According to this classification, autoimmune diseases can be divided into two large groups: Group I is composed of diseases that require the innate–adaptive connection for their onset, and Group II, those for which this connection is not critical. Group II diseases are mostly monogenic disorders that are based on the loss of control over one of the principal mechanisms controlling adaptive immunity, such as negative selection or generation of Tregs. Loss of negative selection of T cells due to mutations in the transcription factor AIRE (Anderson et al. 2002; Mathis and Benoist 2009) leads to a multiorgan autoimmunity known as autoimmune polyendocrinopathy-candidiases-ectodermal dystrophy (APECED) (Peterson et al. 2004), whereas mutations in the transcriptional regulator of Tregs FoxP3 lead to a multiorgan autoimmunity termed Scurfy or immune dysregulation, polyendocrinopathy, enteropathy, or X-linked syndrome (IPEX) (for review, see Josefowicz et al. 2012). An important factor that separates Group I from Group II is that the commensal microbiota does not affect the latter group but may play a role in the pathogenesis of Group I diseases. Experimental evidence for this idea comes from studies of germ-free and gnotobiotic (populated with defined microbiota) animals. The general approach is to produce germ-free animals that under conventional conditions develop one sort of autoimmunity or another, and then ask whether the outcome changes when the microbiota is absent or replaced with known microbes. These studies have revealed that Group II diseases were insensitive to the presence of microbiota: sterile mice lacking AIRE, FoxP3, or AID (Table 1). The situation with Group I is very different. Here the tested models could be separated into four groups: (1) germ-free animals were as susceptible as conventionally raised animals, (2) some features of the disease were lost, but other features were still present, (3) diseases did not affect germ-free mice at all or the disease was greatly attenuated, and (4) diseases that require commensals (Table 1).

Table 1.

Importance of commensal microbiota for Group II autoimmunity revealed by experiments with germ-free and gnotobiotic animals

A. Monogenic diseases are insensitive to commensal regulation
   IPEX (FoxP3 deletion in adult mice) (Chinen et al. 2010)

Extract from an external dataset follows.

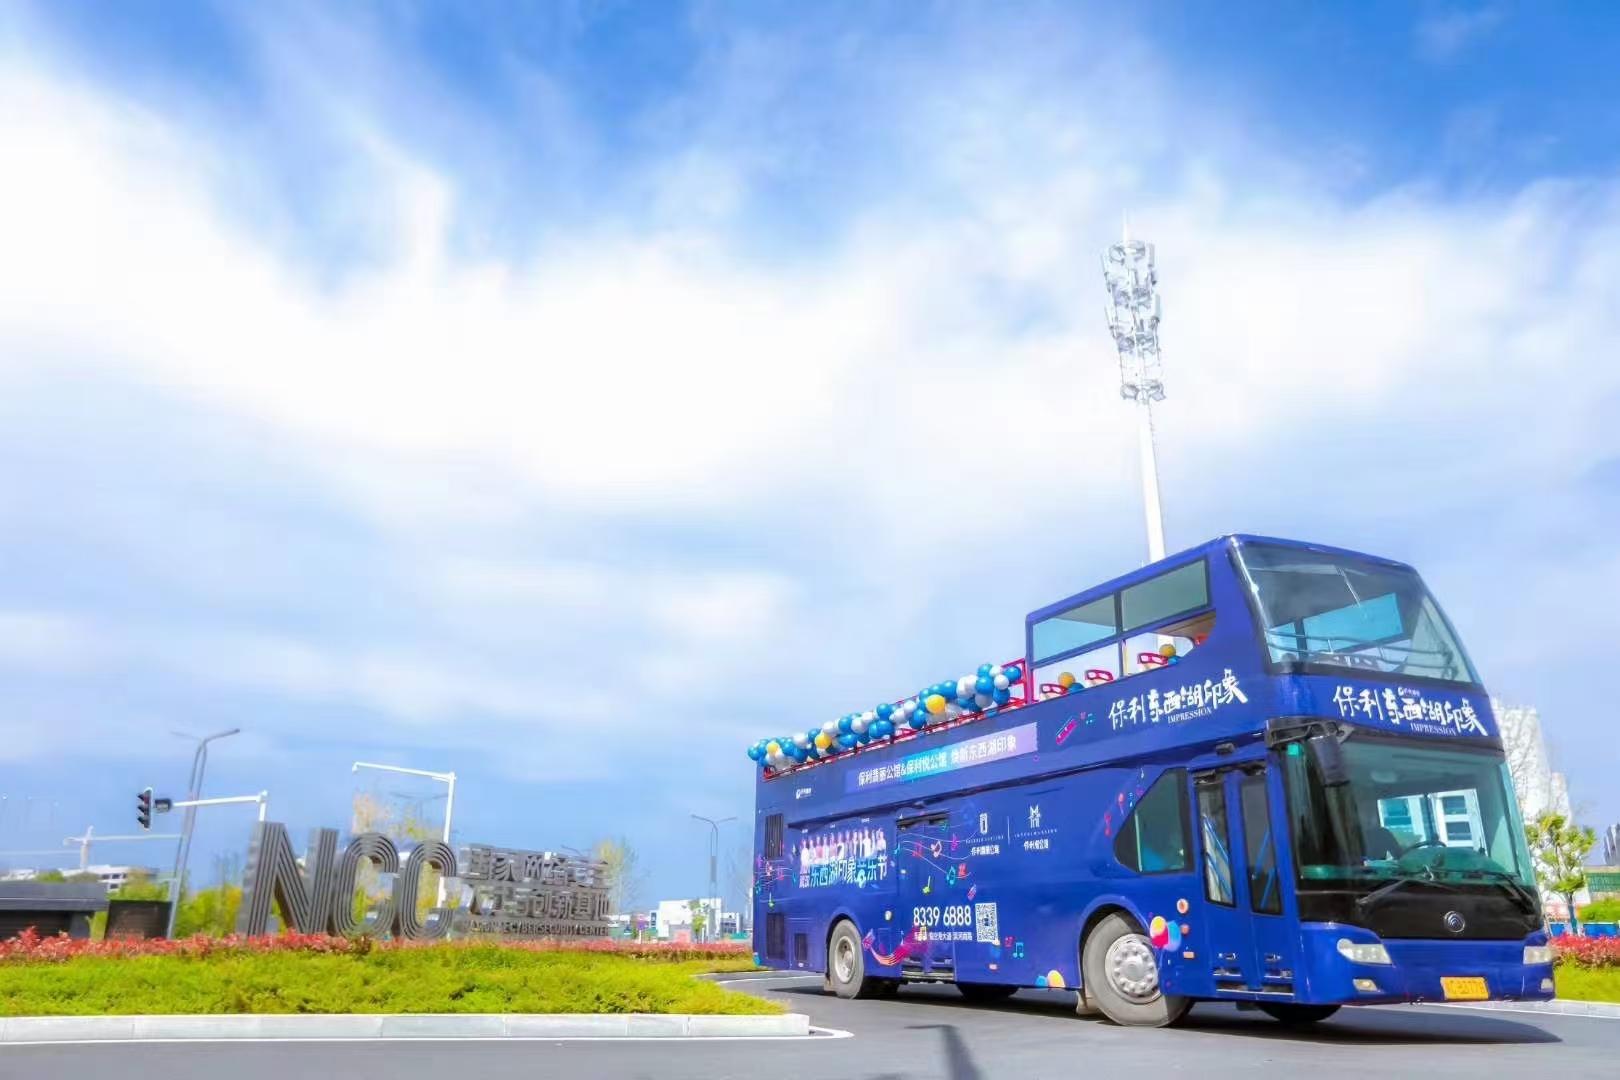 杭州双层敞篷巴士租赁费用

   APECED (AIRE knockout) (Gray et al. 2007)
   Activation-induced cytidine deaminase (Aicda) deficiency-dependent gastritis (Hase et al. 2008)
B. Diseases that develop independently of commensals
   Type 1 diabetes in mice (Wen et al. 2008) and rats (Rossini et al. 1979)

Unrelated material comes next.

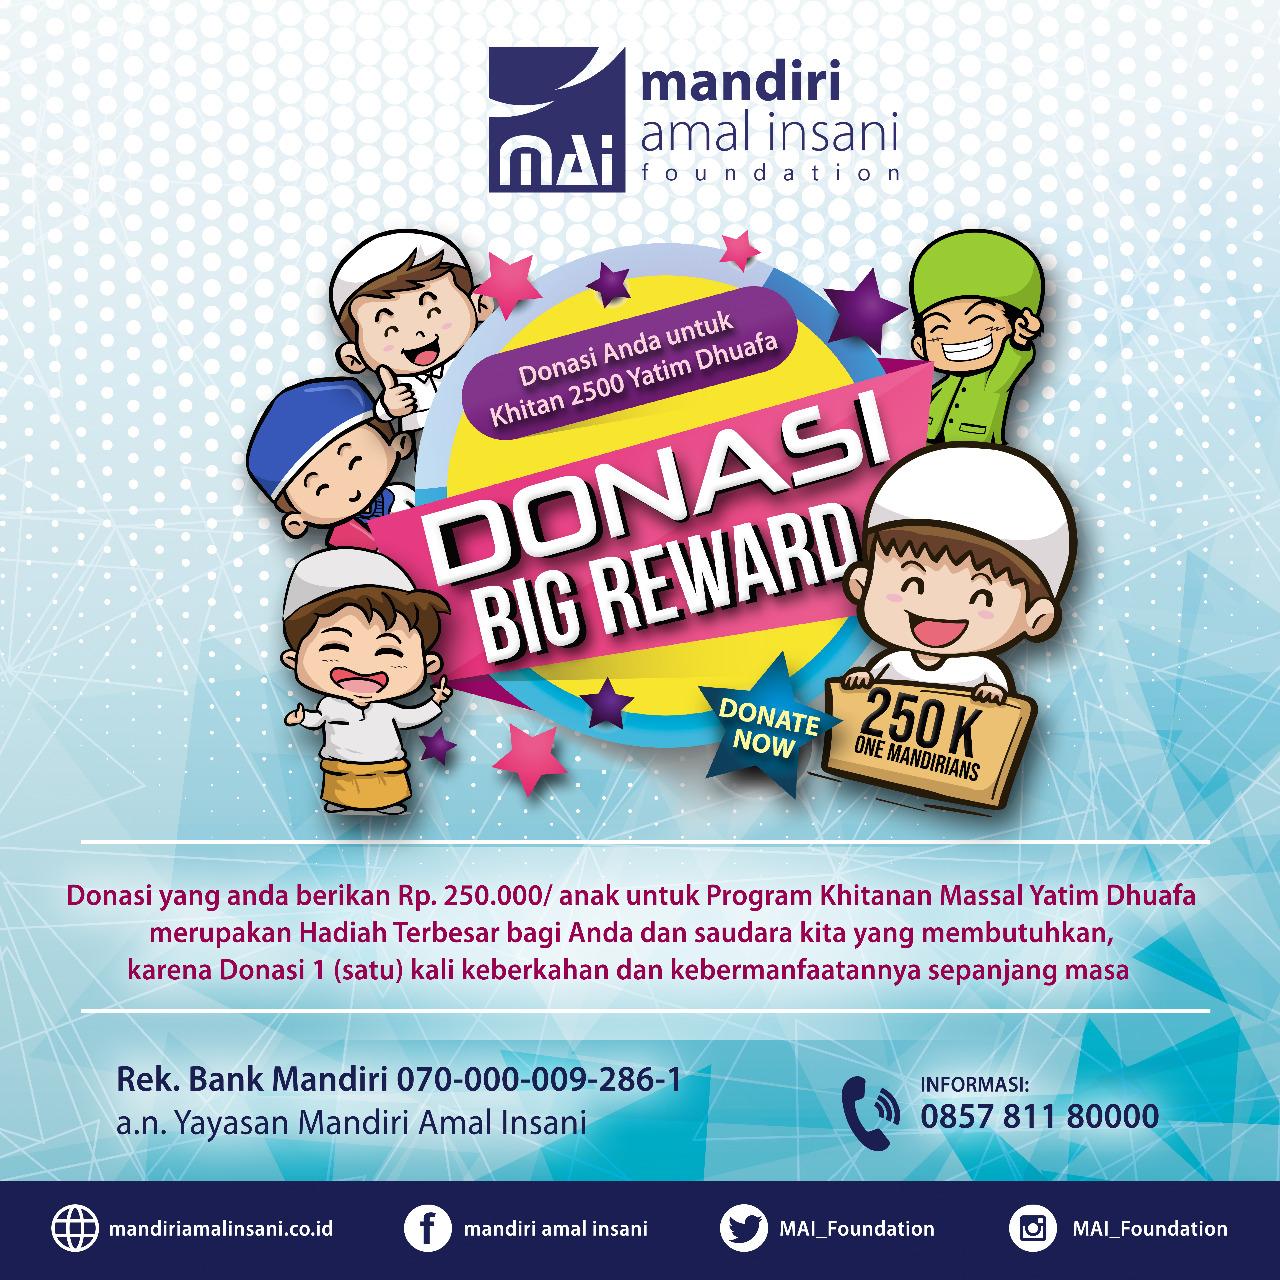 Donasi Big Reward 250K, Khitanan Massal 2500 Yatim Dhuafa

C. Diseases that develop independent of commensals, but commensals amplify the disease
   Models of rheumatoid arthritis (RA) in collagen-immunized rats (Bjork et al. 1994)
   RA in K/BxN mice (Wu et al. 2010)
   Systemic lupus erythematosus (SLE in MRL.lpr mice) (Maldonado et al. 1999)
   Experimental encephalomyelitis (EAE) caused by immunization with MOG peptide (Lee et al. 2011)
D. Diseases that require commensals
   EAE (T-cell receptor transgenic model) (Berer et al. 2011)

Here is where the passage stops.